More surface activity
  |  First Published: September 2003

NOW THAT the weather has started to warm up around here, there should be a bit more surface activity from kingfish, salmon, bonito and a few tailor.

You should be trolling in close off the rocks and beaches for best results. As in previous years September, even more so than August, seems to produce a lot of westerly winds, giving you the opportunity to get that little bit closer to the rocky headlands and the backs of the waves on the beaches. On the down side, you will find that the water tends to be a lot clearer but, if you are smart, you should get yourself a few pelagics.
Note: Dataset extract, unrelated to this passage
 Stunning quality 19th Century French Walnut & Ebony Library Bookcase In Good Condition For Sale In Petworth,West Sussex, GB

This has been a great year for kingfish and their numbers will increase this month. You will also start to hook up on some of the bigger models as they find their way closer to shore and into the bays.
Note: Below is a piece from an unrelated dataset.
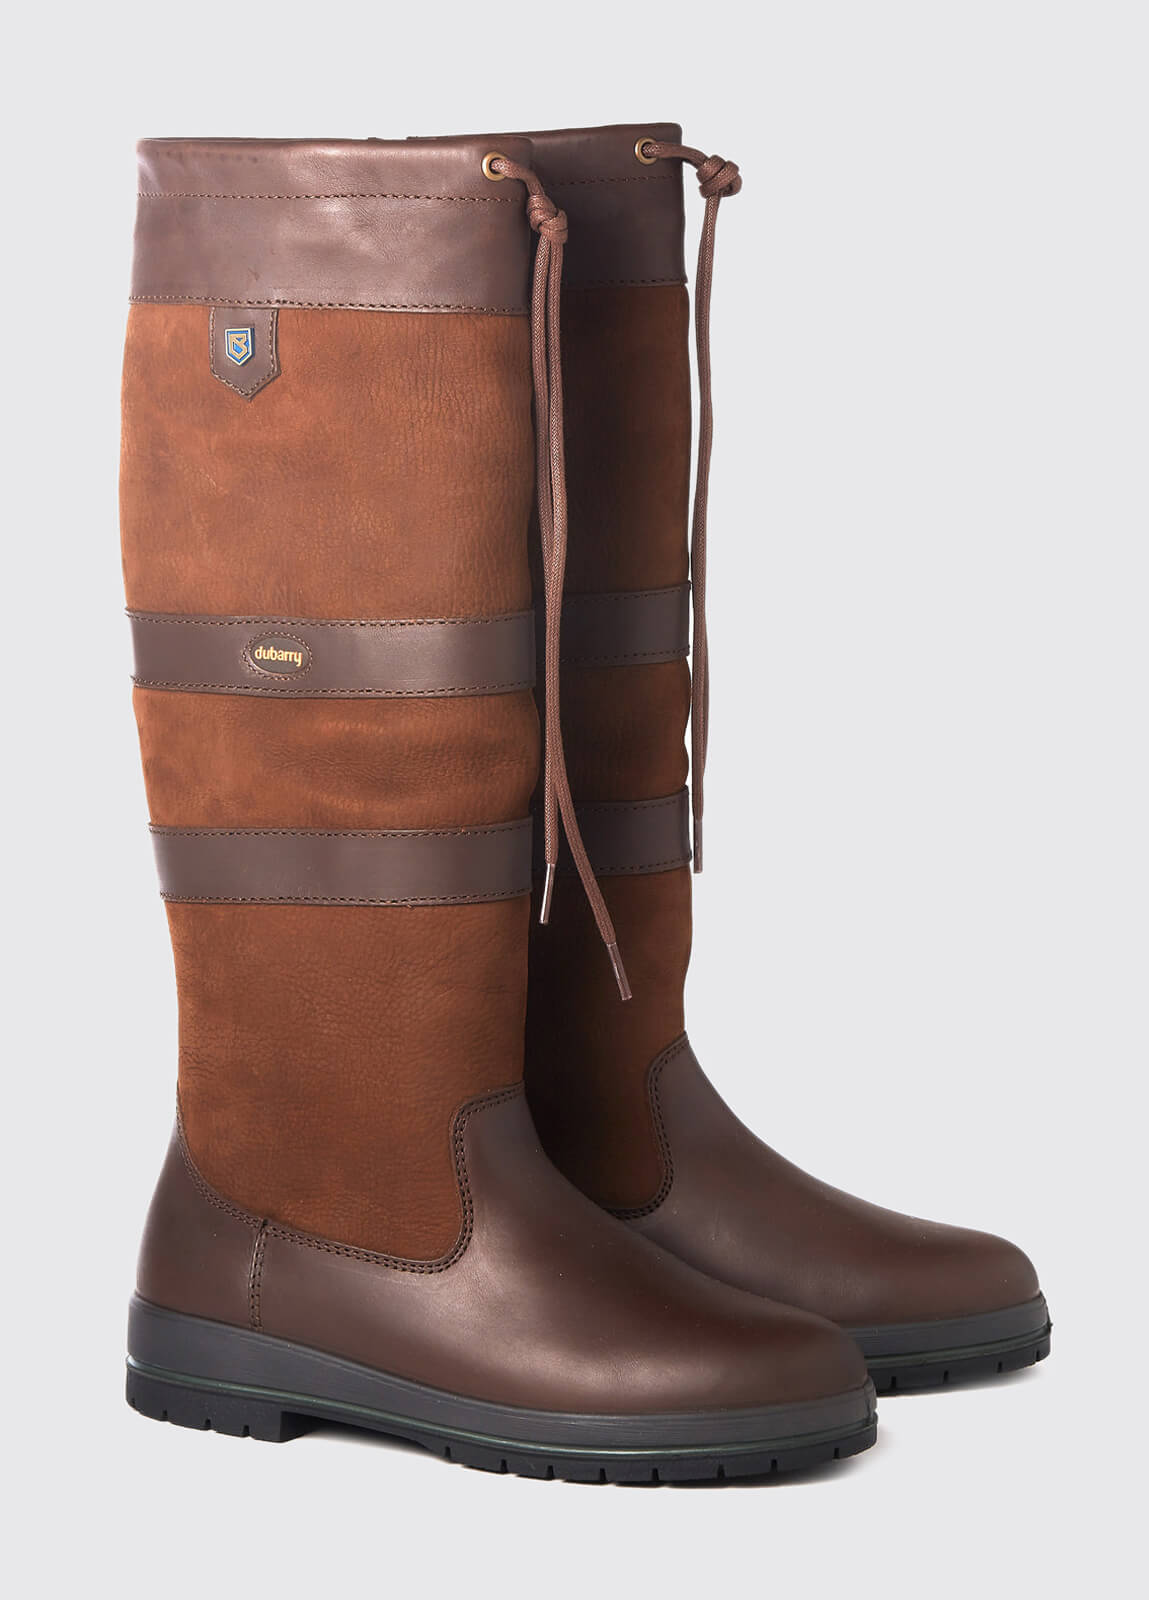 Narrower calf fitting Dubarry knee-high walnut brown leather Galway Country Boot with laced top

If you have a boat, you’ll find it hard to go wrong trolling a combination of Rapala CD-7s and CD-9s, along with a couple of Mann’s Stretch 5+s and Stretch 10+s. The only problem that I have found with this combination is that the Mann’s will pop out of the water if you tend to go over five knots, while the Rapalas will still travel well at seven to eight knots. Keep your speed under five knots and you should be OK and have a deadly combination of lures behind you.


Another fish that starts to turn it on around now is the dusky flathead. Whether you are casting or trolling hard-bodied lures or plastics, or drifting baits, September will start to see the bigger females, followed by the smaller males, move downstream to the entrances of the bays.

Mixed in with the flathead will be the odd big flounder and sand whiting. Try places like the entrance to Cooks River, the Captain Cook Bridge, Woolooware Bay and Towra Point. In Port Hacking try the deep water off the entrances to Burraneer, Yowie and Gymea bays.

Over the past 18 months in Botany Bay I have found that there has definitely been an increase in numbers of silver trevally and snapper just under or just over the legal limit of 30cm. So the ban on commercial fishing seems to be having results.

All you need to do is find the edge of a reef or a drop-off, anchor up so that your boat is at the edge, start berleying and feed out a lightly-weighted peeled prawn, pilchard fillet, pink nipper, chicken fillet or strip of skinned yellowtail with a 1/0 Mustad Penetrator hook in it. It won’t be long before you are tangling with a silver trevally or a snapper.

Even though the weather has started to warm up, the water may not have, so you shouldn’t forget bream, trevally, drummer or groper off the rocks. Just make sure that you keep an eye on the weather and the swell. Even though there may have been a westerly wind blowing for a few days, giving you flat conditions, it doesn’t take long for a groundswell to come back at you when the wind has died down, so be careful.

During early October, Scott Lyons and I will be heading down to Jindabyne for a few days to give the trout a go. I will let you know how we fare. Also, if you have any questions you would like to ask me about fishing in Sydney, email me and I will get back to you.

Here are this month’s spots to try those soft plastics.

Land-based: Towards the end of the month we should start to see a bit of surface activity from rat kingfish smashing up the baitfish that tend to hang around the base of the Spit Bridge. A lot of anglers cast metal slugs from the shore here for kings.

Why not try casting a weighted plastic stickbait, such as a Mann’s 4” Dragin Jerkbait, a Squidgy Fish or Wriggler or, one of my favourites, the Storm Rippin’ Minnow.

Use a weighted jig head or tie on a Mustad Mega Bite hook and put a weight directly onto the head of the plastic. These plastics can then be slowly retrieved, jerked or skipped back across the surface.

Boat spot: Woolooware Bay is on the south-eastern side of the Captain Cook Bridge and is mostly fairly shallow. Most of the shore is lined with mangroves and there are also lots of disused oyster leases and rock bars that hold plenty of bream and flathead. You will need to fish these areas near the top of the tide and work your way back out to the edge of the drop-offs.

Try Storm Swim Baits in 2” to 4” or the larger sizes in the Squidgy Fish range for the flathead. If you are after bream, you could try the 2” Naturistic Shrimp from Storm or the Squidgy Wriggler No 2.